Asteroid 99942 Apophis will pass within 19,000 miles of the Earth’s surface on April 13, 2029, which is closer than some satellites currently orbiting our planet. Furthermore, the huge 1,500 feet long and 550 feet wide asteroid will appear as bright as the stars in Ursa Minor in the northern skies.

A Rare Occurrence

Asteroid Apophis is named after the ancient Egyptian deity of chaos, darkness and destruction. As such, he was also the arch enemy of the sun god Ra. If this is all beginning to sound ominous, worry not. On average, an asteroid the size of Apophis is only be expected to collide with the Earth every 80,000 years or so.

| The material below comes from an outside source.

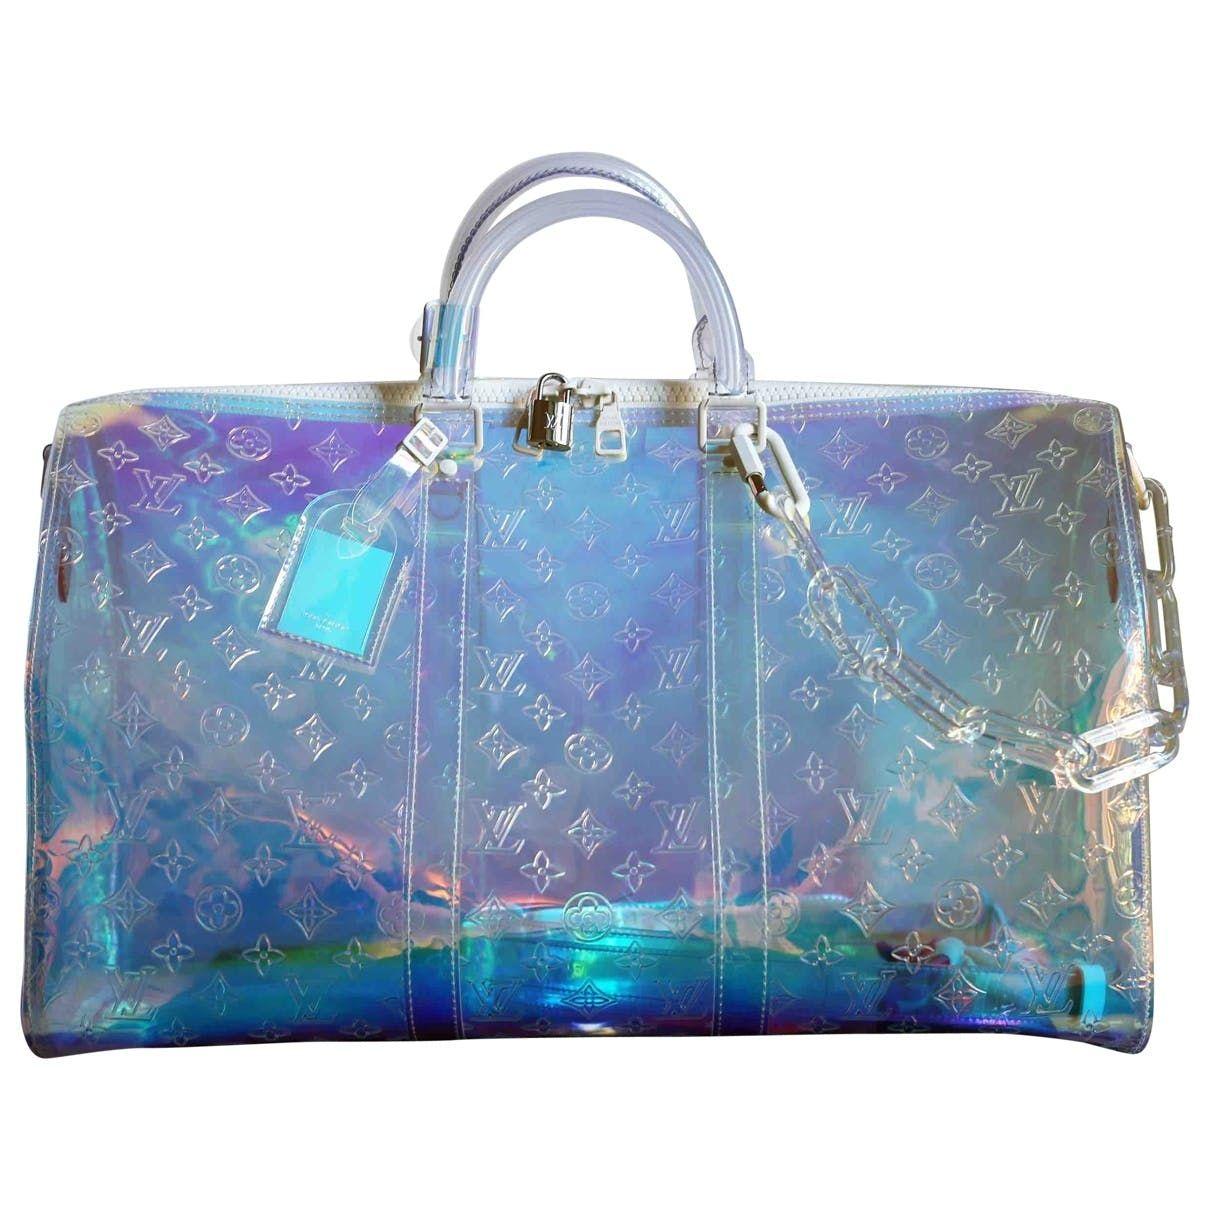 Keepall Prism Weekend Bag Louis Vuitton Silver In Plastic 6894173 Louis Vuitton Duffle Bag Bags Designer Fashion Louis Vuitton Handbags

Furthermore, there is only a slight 2.7% possibility that it would strike the Earth in April of 2029, according to NASA.

Possible Impact of Asteroid Apophis Collision

The asteroid is bigger than an aircraft carrier, which is hardly a world-destroying size. Nevertheless, it could certainly do some major damage if it did impact the Earth, and could obliterate a city.

To put its potential destructive force into perspective, the 1908 Tunguska event is believed to have involved a comet or dense asteroid that was between 200 and 620 feet (60-190 meters). That object is significantly smaller than 99942 Apophis. Nonetheless, it still managed to knock down 80 million trees over a 2,150 km2 (830 sq mile) area.

Opportunity For Observation

Instead of 99942 Apophis wreaking havoc on Earth, however, scientists are welcoming this near-Earth asteroid’s appearance as an invaluable opportunity to observe it using optical and radar telescopes and to gain a better understanding of its orbit. This could also help prepare our planet for a time when the asteroid may pass closer to Earth many decades from now. Commenting upon the asteroid’s approach, Paul Chodas, director of JPL’s Center for Near Earth Objects Studies, explains:

“Apophis is a representative of about 2,000 currently known Potentially Hazardous Asteroids. By observing Apophis during its 2029 flyby, we will gain important scientific knowledge that could one day be used for planetary defense.”